Further afield, Africa is throwing off our colonial yoke and ordinary
Americans are getting a better deal from Lyndon B Johnson, even if they are
being sucked into the escalating war in Vietnam.
These world-changing affairs seem very far away in
Grafton, a small ex-mining and ironworking town in an area studded with woodlands and
set in green hills. Despite the Sixties swinging elsewhere, Grafton is an
old- fashioned kind of place. Some boys still join their fathers to watch
football, race dogs and keep pigeons. Men still drink in clubs where women
are banned. Labour-intensive Sunday dinners still keep the womenfolk out of
mischief on Sundays.
At the Gaiety Dancehall they play Beatles songs but
remember times when dancing Rock’n’Roll was only permitted if you confined
your excesses behind the sateen rope that divided you from the ‘proper’

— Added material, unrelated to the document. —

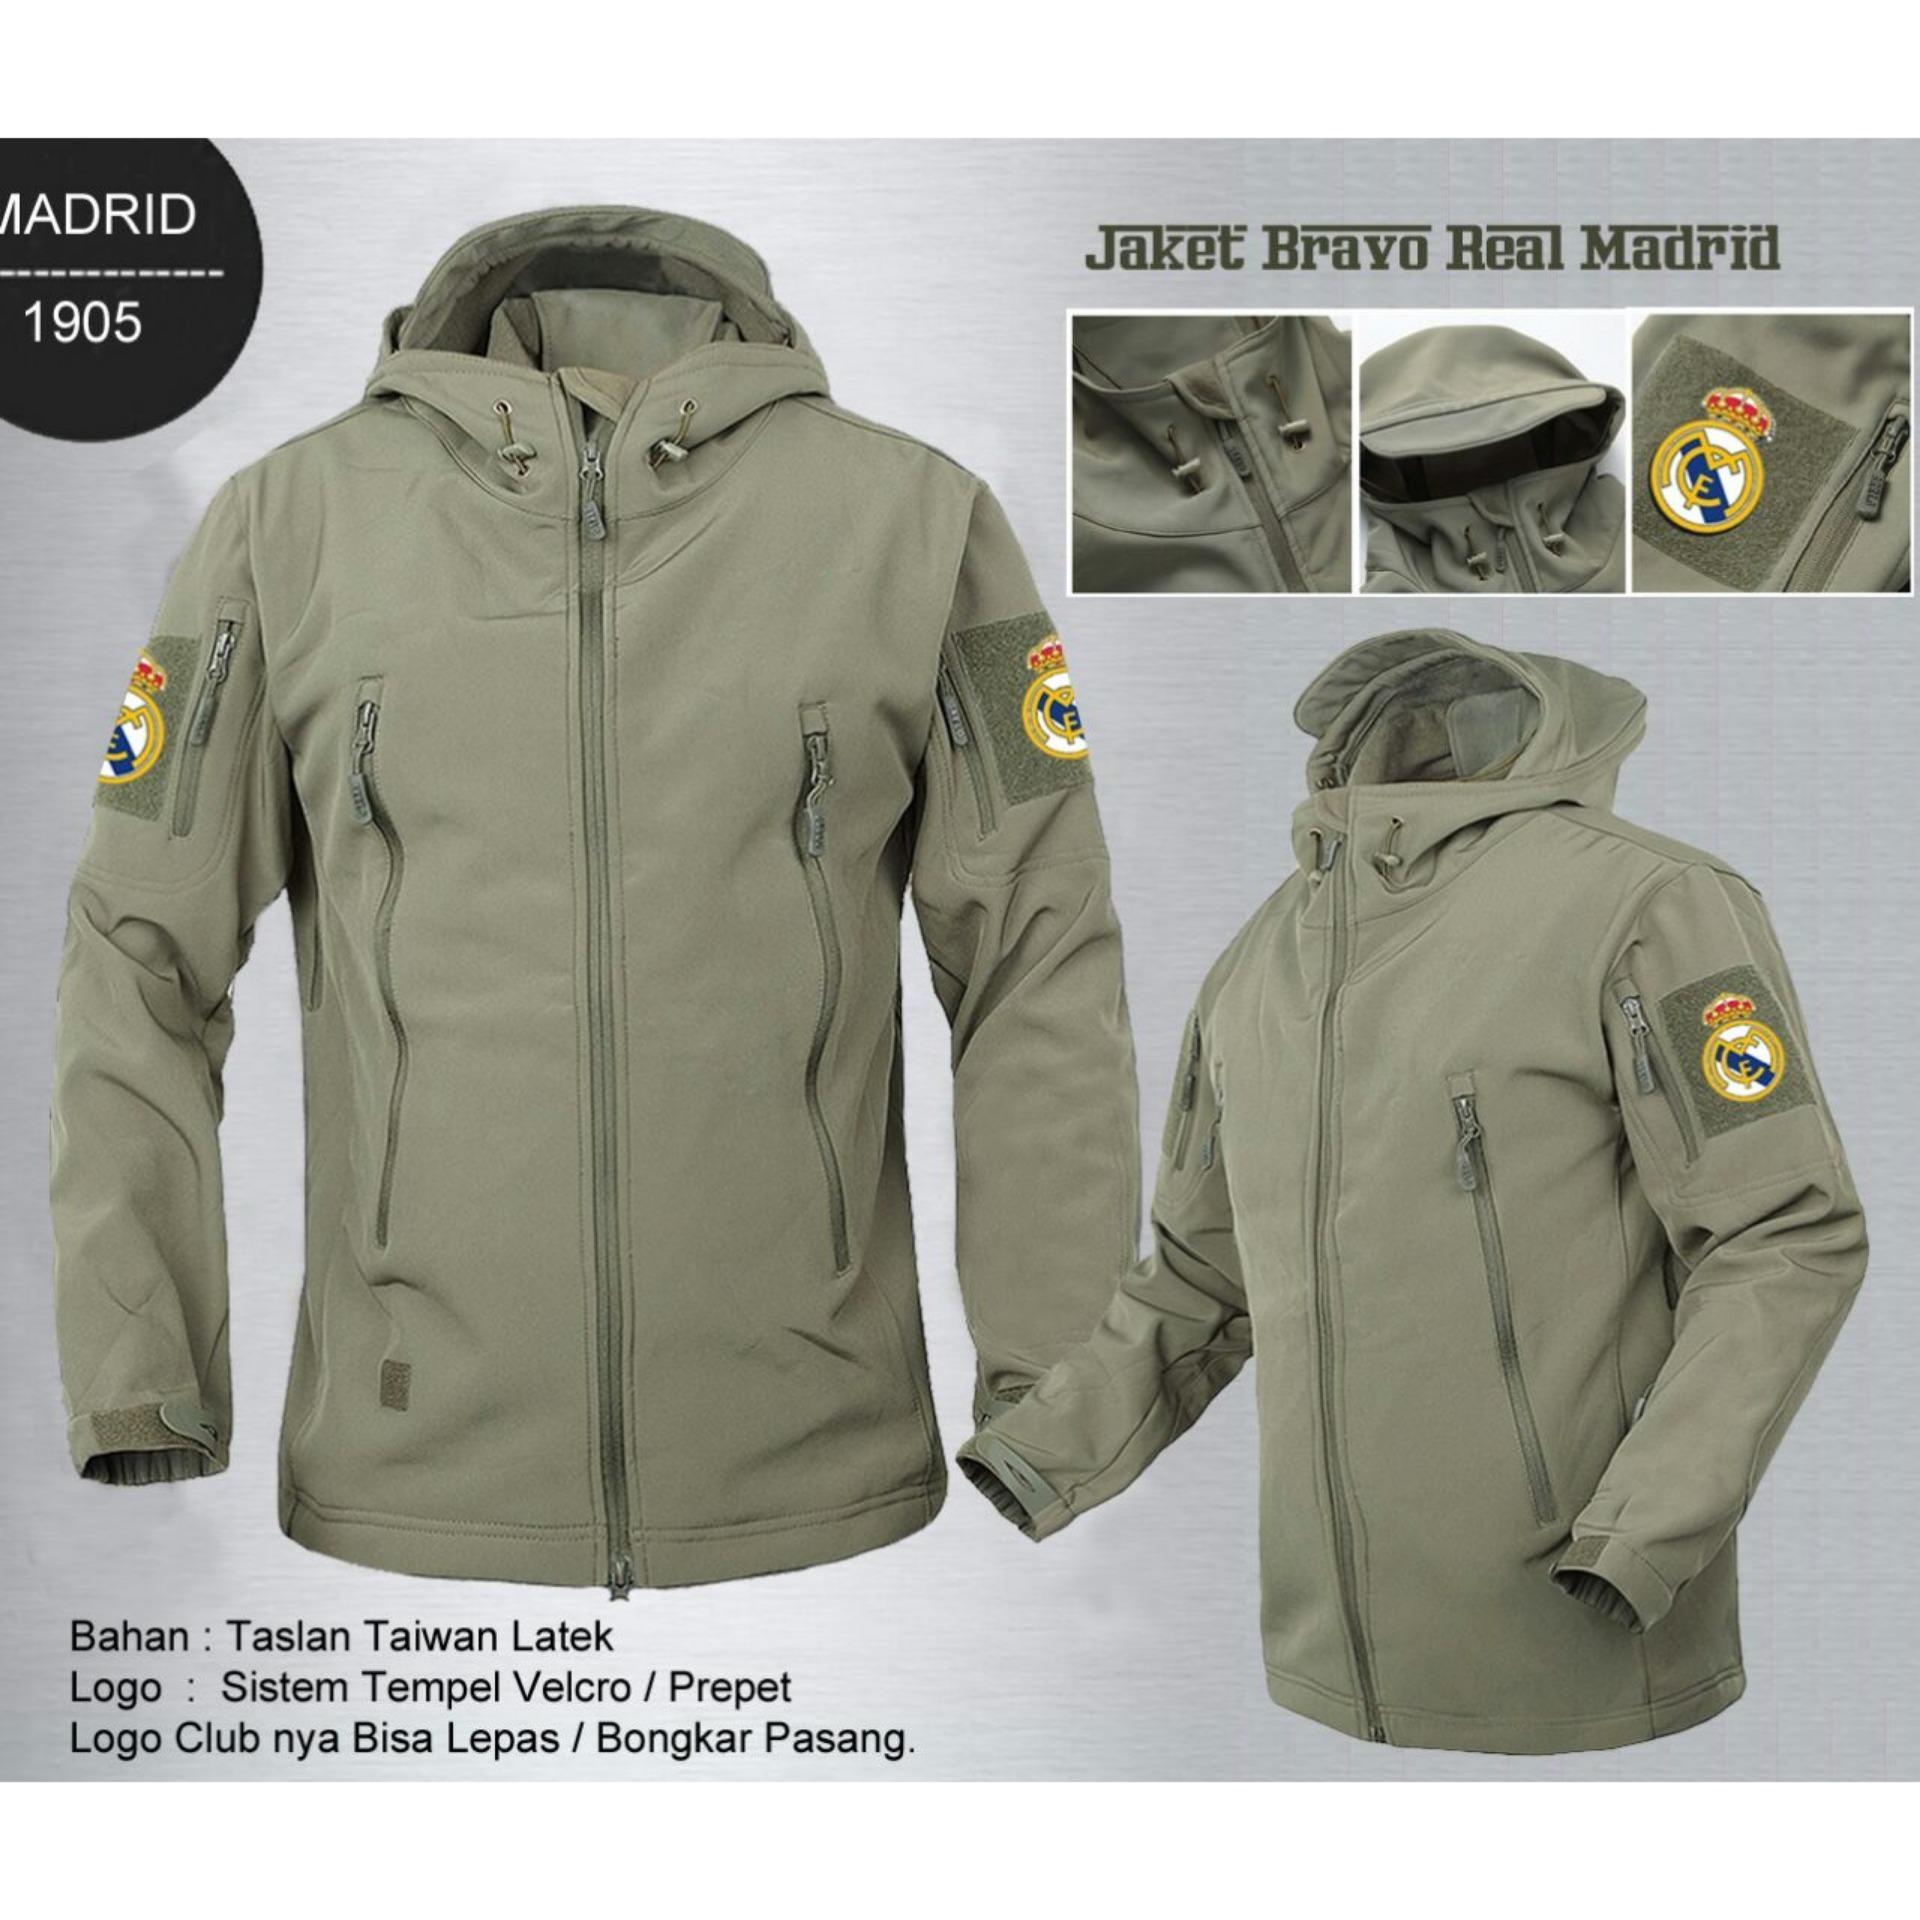 Jaket TAD Bravo Hijau. Promo jaket musim Dingin. Jaket pria jaket gunung  jaket camping ... 64f766d3f4

dancers. The memory of bopping in the cinema aisles to Bill Hailey’s Rock
Around the Clock is the new nostalgia.
The contraceptive pill is nudging Grafton women into a
new way of looking at things. Even so the dynamism of the ‘sexual
revolution’ centres more around the rootless universities in the North,
than here at its working class core. On the bright side, more working class
children than ever before are climbing the new rickety ladders into higher
education, to new-build colleges and polytechnics, working-class Meccas.

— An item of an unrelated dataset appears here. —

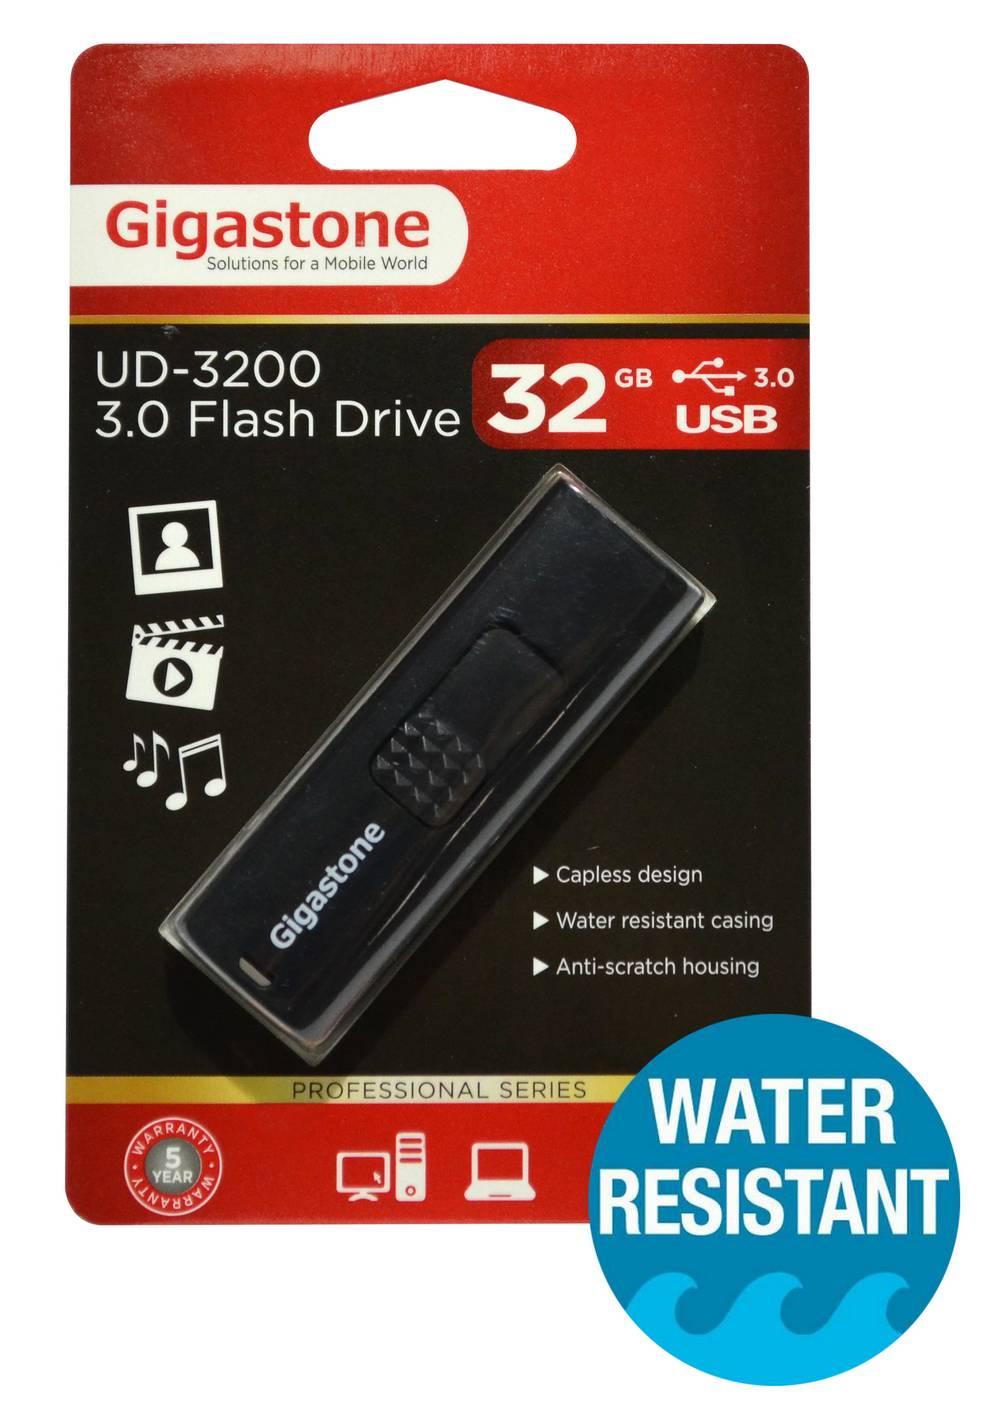 USB 3.0 Gigastone Flash Drive UD-3200 32GB Μαύρο Professional Series

Grafton relies on its big factory, Marvell Domestic
Appliances. for its income and prosperity. Marvell’s two and a half thousand
workers - mostly women - support eighty percent of the households in the
town. Some of these women are third generation workers, their mothers and
grandmothers having worked on the Marvell site in WW2 to assist in the
making of bombs to drop on Hitler.
My name is Cassandra Fox and in the summer of 1965 I am
one of these workers. My own mother works at Marvell’s, so it is allegedly
my good fortune to work here on the production lines in that summer in the
week when Sandie Shaw – that thrillingly iconic singer – is flown in at
great expense to present the millionth Marvell cooker to their millionth
customer.
At Marvell’s popular music – a weird echo of the
wartime Worker’s Playtime - blares out from the factory tannoy, punctuating
and sometimes overlaying the industrial clamour. These days, rather than the
old swing bands we have Bill Hailey. Buddy Holly, Chuck Berry. Elvis
Presley, the Everly Brothers. And now The Beatles. The girls sing along from
time to time as a favourite track catches their ear.
The week I start at Marvell’s the tannoy is blaring out
Sandie Shaw’s Always Someone There To Remind Me instead of Yellow
Submarine and Imagine – much to the disgust of youngest workers
who think their taste is far more sophisticated than this. After all the
Rolling Stones are where it’s at these days.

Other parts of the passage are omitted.